Lisa: Right. The thing that influenced me structurally in writing “Reminiscence” was a format of a Rondel poem. In that poem, the first two lines of the first stanza are refrains, and they repeat at the last two lines of the second stanza and the third stanza. Basically, you have a poem progression where certain lines are echoed and tweaked in their repetition.

In a way, the structural underpinnings for “Reminiscence” are borrowed from that sort of poem. Because for me that kind of poem works like a memory, where certain memories tug you back again and again. I wanted to mimic that in the structure of the screenplay.

The last two lines, the words, of the screenplay wanted to point out that that was the structure that was happening, and to point out that an ending is not always an ending.

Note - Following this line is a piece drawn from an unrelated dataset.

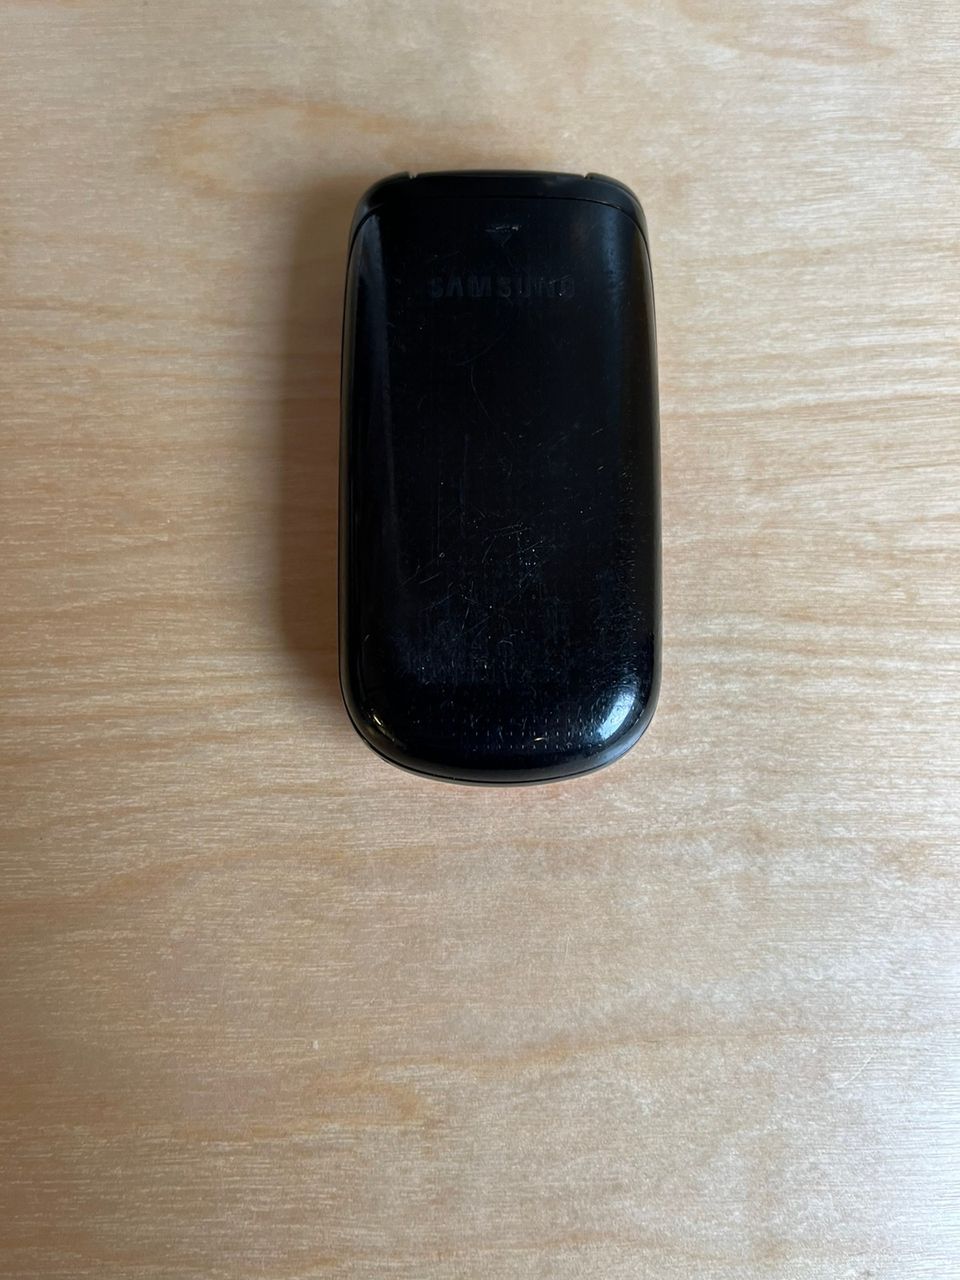 Samsung simpukkapuhelin GT-E1150i

Scott: So you sell this thing to Legendary Pictures for a boatload of money. Then the script makes the Black List. Where are you with all the amazing buzz around this project?

Lisa: I don’t know. I’m so grateful for the interest that people took in it. Honestly, for me the most thrilling part of it was some of the directors and some of the producers who responded to it, and wanted to work on it were fantastic, and the fact that there were those options out there.

These were my idols, and to be able to just have them read something that I wrote, frankly, was so gratifying to me that it was probably the most meaningful part of the process. Not even the sale itself, but just hearing from people I admire, that they liked it and responded to it was truly, for me, fantastic.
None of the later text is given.